Признаться, пепел Мерфи Силия так и не увидела. Мерфи ей принесли уже в бумажном пакете, а пакет она ни разу не открыла. Получается, что Мерфи в его сыпучем состоянии она не знала, но могла себе вообразить. И воображала она его себе много раз с тех пор, как этот Нири сунул ей в руки пакет с пеплом Мерфи и прочел ей прощальное письмо Мерфи (читать Силия не умела). В своем сыпучем состоянии Мерфи представлялся ей светло-серым и беззвучным, молчание его было невыносимо.

Молчал он и теперь, когда Силия, спрятавшись под приютской простыней, решила, что на нее сверху осыпается штукатурка или, иными словами, Мерфи. Тут ее накрыло другое детское воспоминание (после кремации Мерфи все ее детские воспоминания постоянно мешались с воспоминаниями о нем самом): искусственная новогодняя елочка под стеклянным колпаком, выставленная в витрине лавки старьевщика. Силия, проходя мимо в толпе таких же девочек в школьной форме, остановиться не посмела, но, взглянув в окно, успела заметить, как продавец берет в руки этот чудный сувенир, показывая кому-то, встряхивает его, и елочку осыпают белые хлопья. Силии тогда ужасно захотелось иметь такую елочку. Воспоминание длилось не более трех секунд. Вслед за этим ее конкретное и конструктивное мышление послушно вернулось к главной теме — Мерфи. Теперь Силия старалась воспроизвести по памяти то адресованное ей прощальное письмо, которое на самом деле было вовсе и не письмо, а скорее инструкция, некое руководство, как поступить с прахом, в сущности, это был письменный приказ, который она выучила от слова до слова.
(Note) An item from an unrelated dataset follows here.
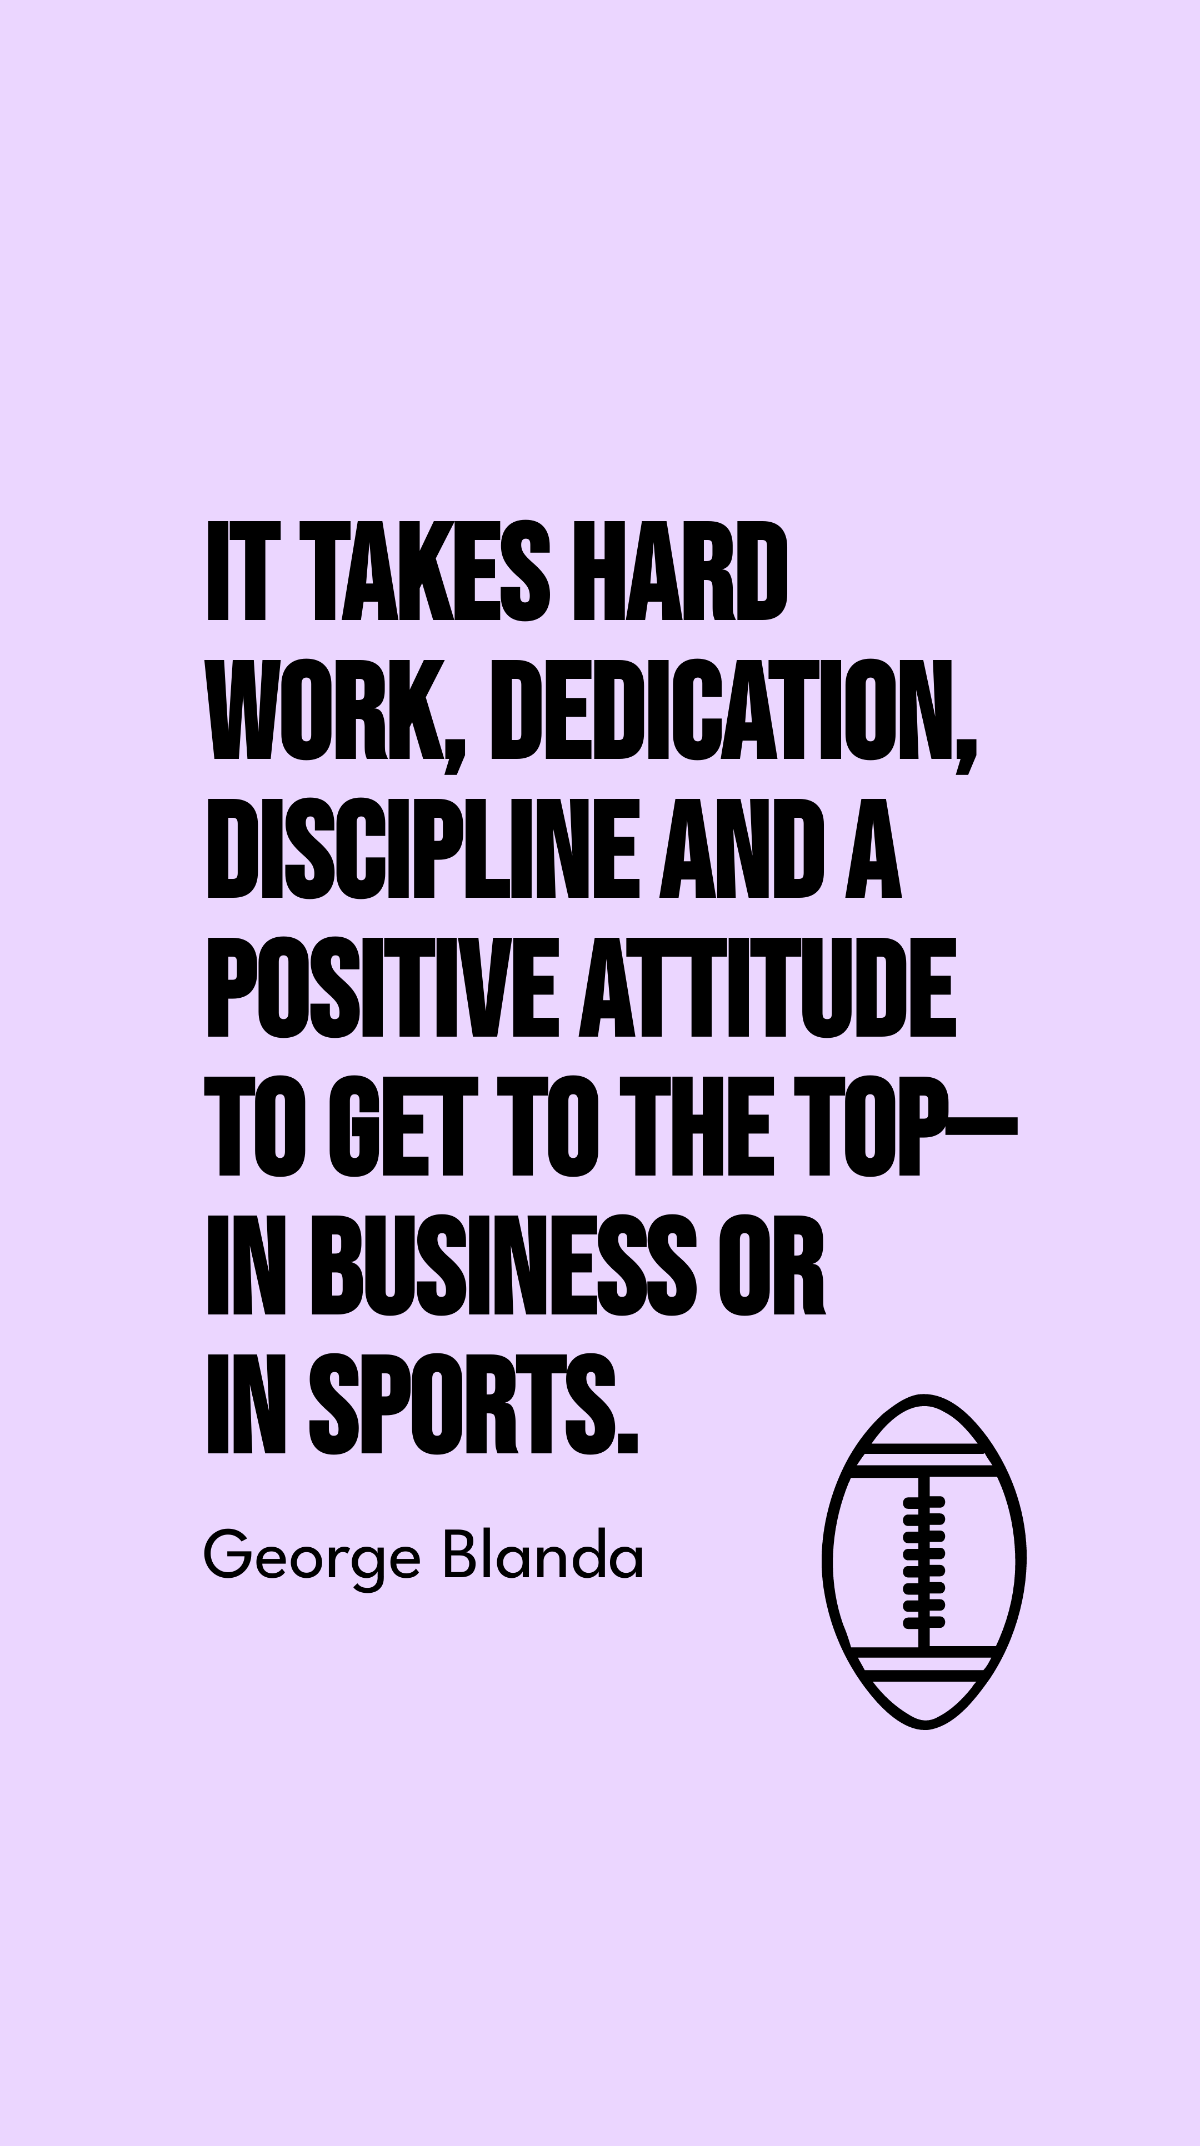 George Blanda - It takes hard work, dedication, discipline and a positive attitude to get to the top - in business or in sports. Template

Что касается моего тела, духа и души, то завещаю их сжечь, сложить в бумажный пакет и принести в театр на Эбби-стрит в Дублине, а во время антракта высыпать в туалете в унитаз… Силия запнулась, забыв, что там дальше, письмо она выучила давно, столько времени прошло, тут память ненадолго к ней вернулась …и исполнять все это без церемоний и траурных речей… и после этого померкла окончательно. Силия закусила большой палец и надеялась, как всегда, что боль утихнет и пройдет, как прошли многие другие вещи в ее жизни, но боль от этого письма не утихнет никогда.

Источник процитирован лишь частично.